If the opening of this channel is too narrow for the bowel to pass but is wide enough for fluid to pass, we call it a “connected hydrocele”. It is called “water hernia” among the people. We consider it like a normal hernia.
What we encounter more frequently in babies is the “disconnected hydrocele”, which is manifested by the closure of the connection between the canal and the abdomen, and only the accumulation of fluid in the canal. You know, newborn babies’ scrotum look very swollen and edematous, here is the hydrocele without the connection of swelling. If the disconnected hydrocele is located a little higher than the testis, we call it “cord cyst” or “cord hydrocele”. Similarly, the cyst in the groin in girls is called the “Nuck Canal cyst”. Almost most of these formations spontaneously disappear within the first 2 years. If they do not pass, they are thought to have a connection with the abdomen and they are corrected surgically by Dr. Egemen 🙂  I will write how we did it in another blog.
When organs such as the intestines, omentum or ovaries in girls pass through this opening and can not turn back into the abdomen, it is popularly known as strangulated hernia. It can be seen at a rate of about 15-30%. And this situation occurs usually in the first year after birth. 85% of all strangulated hernias occur in the first year. The importance of this is that, it is not the right to expect growth after the diagnosis of hernia in babies.
What are we doing in treatment?
In order to prevent the organs in the abdomen from entering and leaving the canal, we close the opening I just mentioned. I will explain how we will choose which surgical technique, either open surgery or laparoscopy, in the next blog.
When should we operate?
First of all, if there is no strangulation, there is no need to do emergency surgery. Even if there is a strangulation, the first thing we do is try to push back the organs that are stuck outside to the inside of abdomen. If we cannot do it, and if there are other findings such as bilious vomiting and abdominal distension in the child, we need to perform emergency surgery. If we could push back in, we usually lay it down and wait for the resolution of the edema in that area for 24-48 hours and then take it into operation. By doing this, the recurrence rate becomes much less.

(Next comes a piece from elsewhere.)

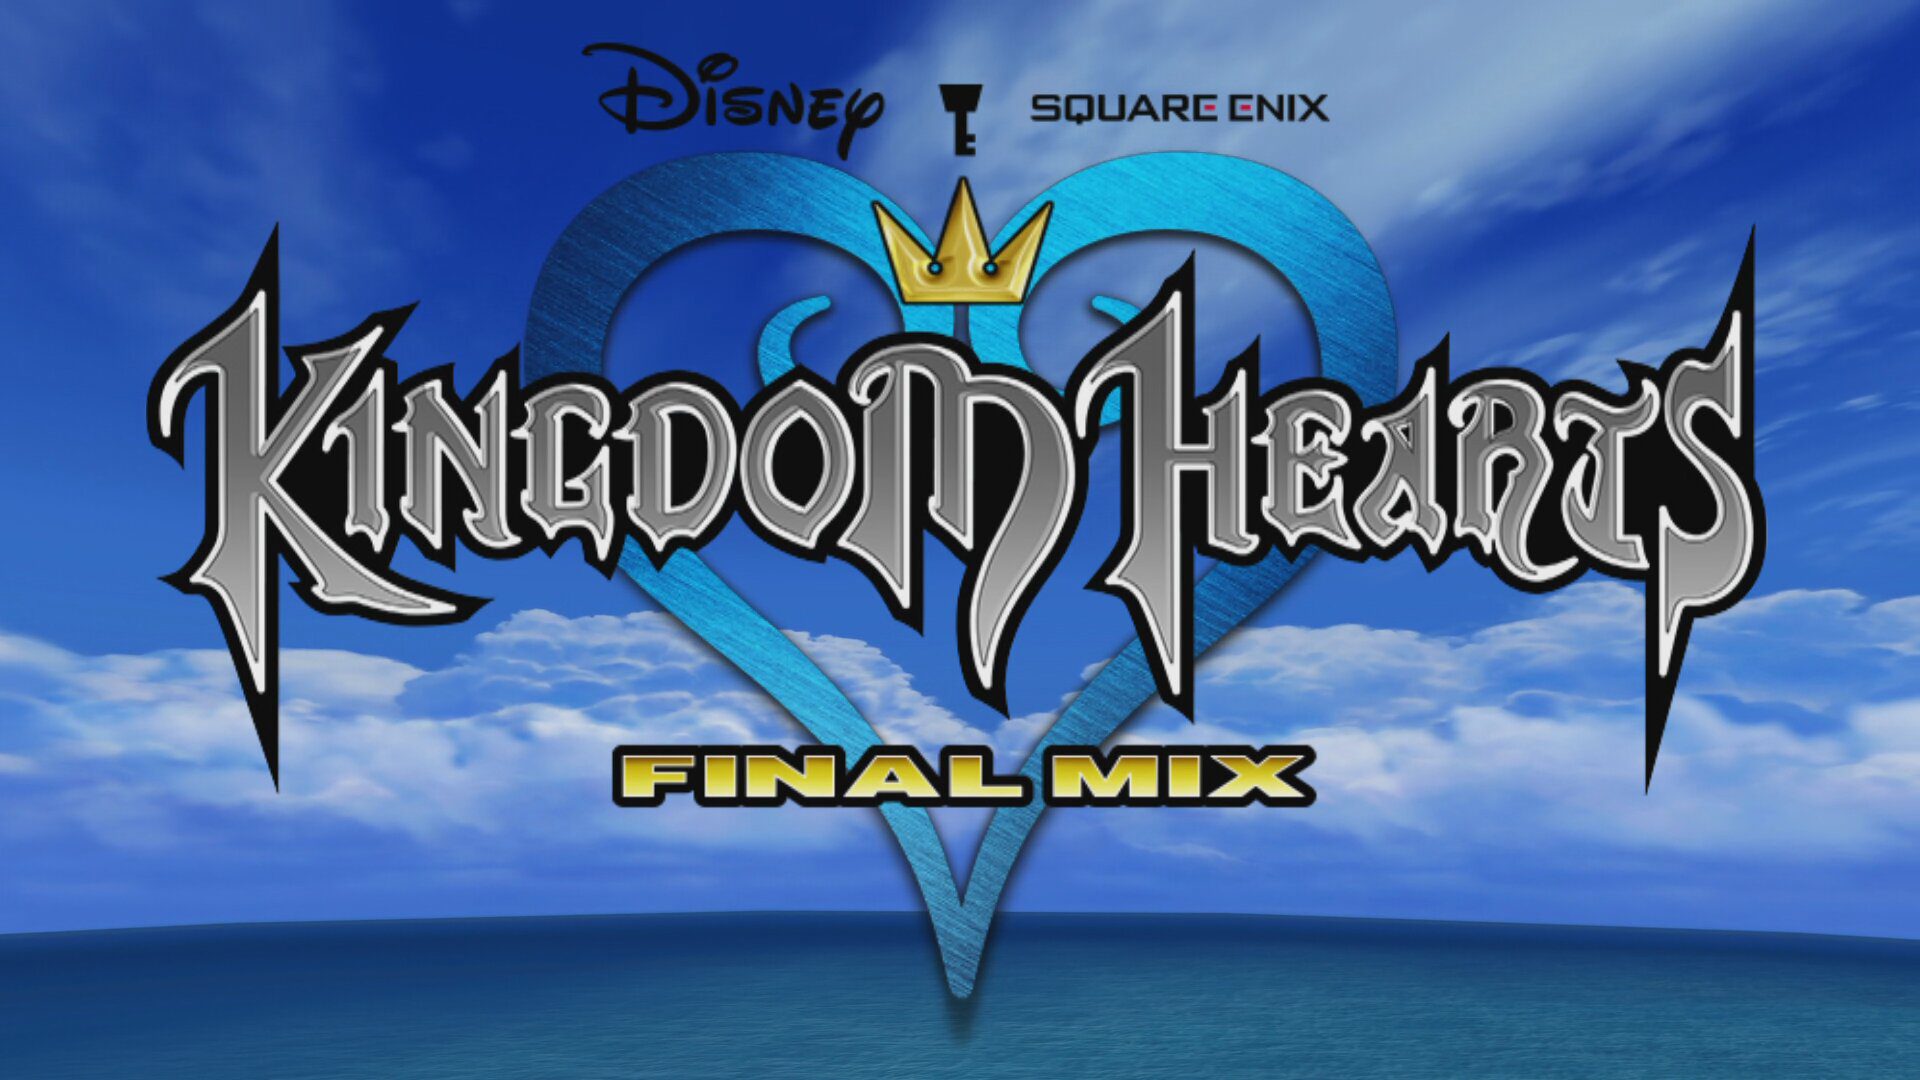 Last Kingdom Hearts MIX Logo

What if there is a hernia that is not strangulated and asymptomatic?
We don’t know when we will face an emergency? Maybe after 2 days the hernia will strangulate, it will be necessary to run in to emergencies at midnight, maybe it will not cause ant problem until the end of his life. In a study conducted in Canada, it was found that the frequency of hernias strangulation increased by 7% 14 days after the diagnosis of hernia in children younger than one year old. In other words, although there is no need for an emergency after the hernia is diagnosed, it is still recommended to perform the surgery within the first 14 days.
We have come to the end of another course. In the next course, I will explain the choosing of technique to operate the inguinal hernia, and whether I need to operate on one side, if any, on the other.
I explained these on my youtube channel. . Please follow us on instagram. 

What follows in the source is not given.